The Australian Labor Party in New South Wales (NSW) state claimed power in an election on Saturday night, with voters backing the center-left party’s pledges of cost-of-living relief and to stop privatization policies.
The election in Australia’s most populous state had been touted as a tight race between the incumbent Liberal-National coalition and Labor, but the vote count yesterday showed Labor on track to take the 47 seats needed to form a majority government, after three terms in opposition.
The win marks further endorsement of the party of Australian Prime Minister Anthony Albanese, who on polling day joined Chris Minns, the Labor candidate who was later designated NSW premier-elect.
Photo: REUTERS
“A huge congratulations to @ChrisMinnsMP ... and the whole NSW Labor team on your election victory,” Albanese wrote on Twitter late on Saturday.
MAINLAND POWERHOUSE
Labor’s win means the party now governs at state and federal level across Australia’s mainland, leaving island state Tasmania as the conservative outlier.
“After 12 years in opposition the people of New South Wales have voted for a fresh start,” Minns told supporters in Sydney late on Saturday.

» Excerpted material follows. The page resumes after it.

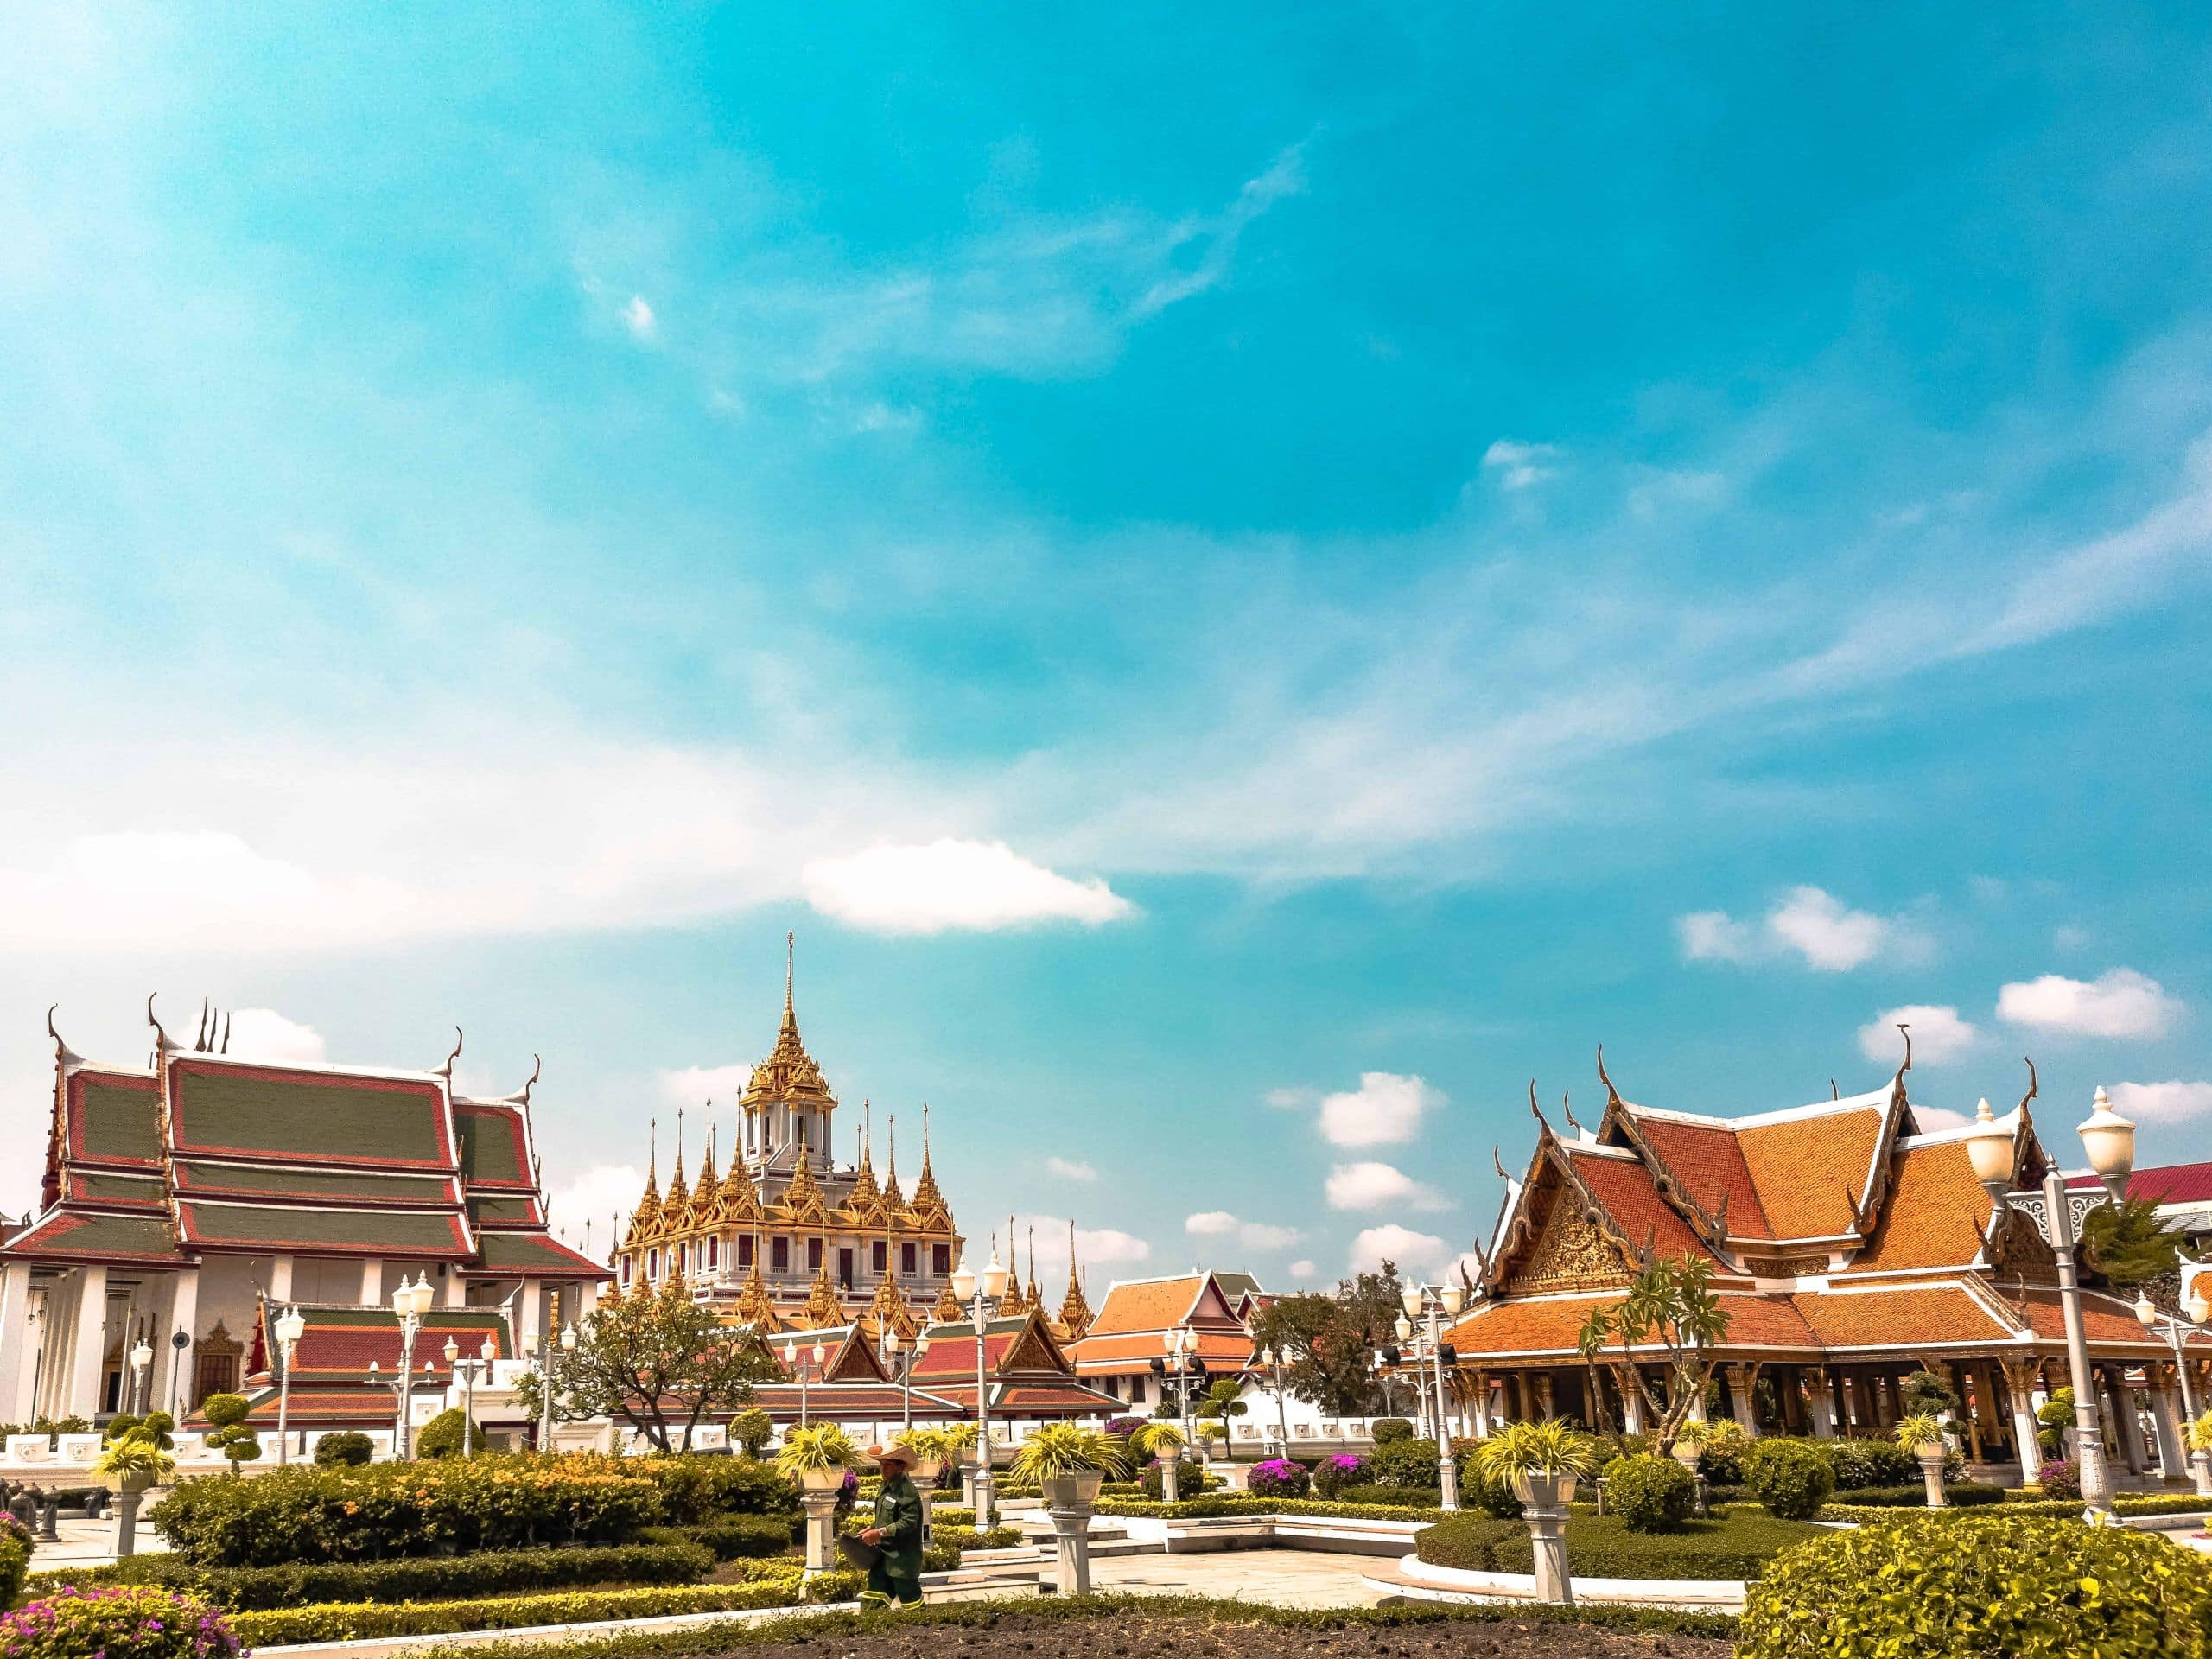 Fully Vaccinated travelers will no longer need to apply to enter Thailand under the Test & Go or Sandbox scheme

“The people of New South Wales voted to put in a government that would put people at the heart of all decisionmaking”.
Labor’s campaign in the state featured a pledge to rule out further privatization of state assets and a promise to boost public sector wages amid cost-of-living concerns.
Outgoing NSW Premier Dominic Perrottet, a socially conservative Catholic and former state treasurer, was elected premier in 2021 after his predecessor, Gladys Berejiklian of the Libberal Party, resigned after a corruption watchdog probe into whether she was involved in conduct that “constituted or involved a breach of public trust.”
Albanese, in the lead up to polling day, urged voters in his home state to back Labor, saying Perrottet’s coalition government was “in shambles” due to infighting.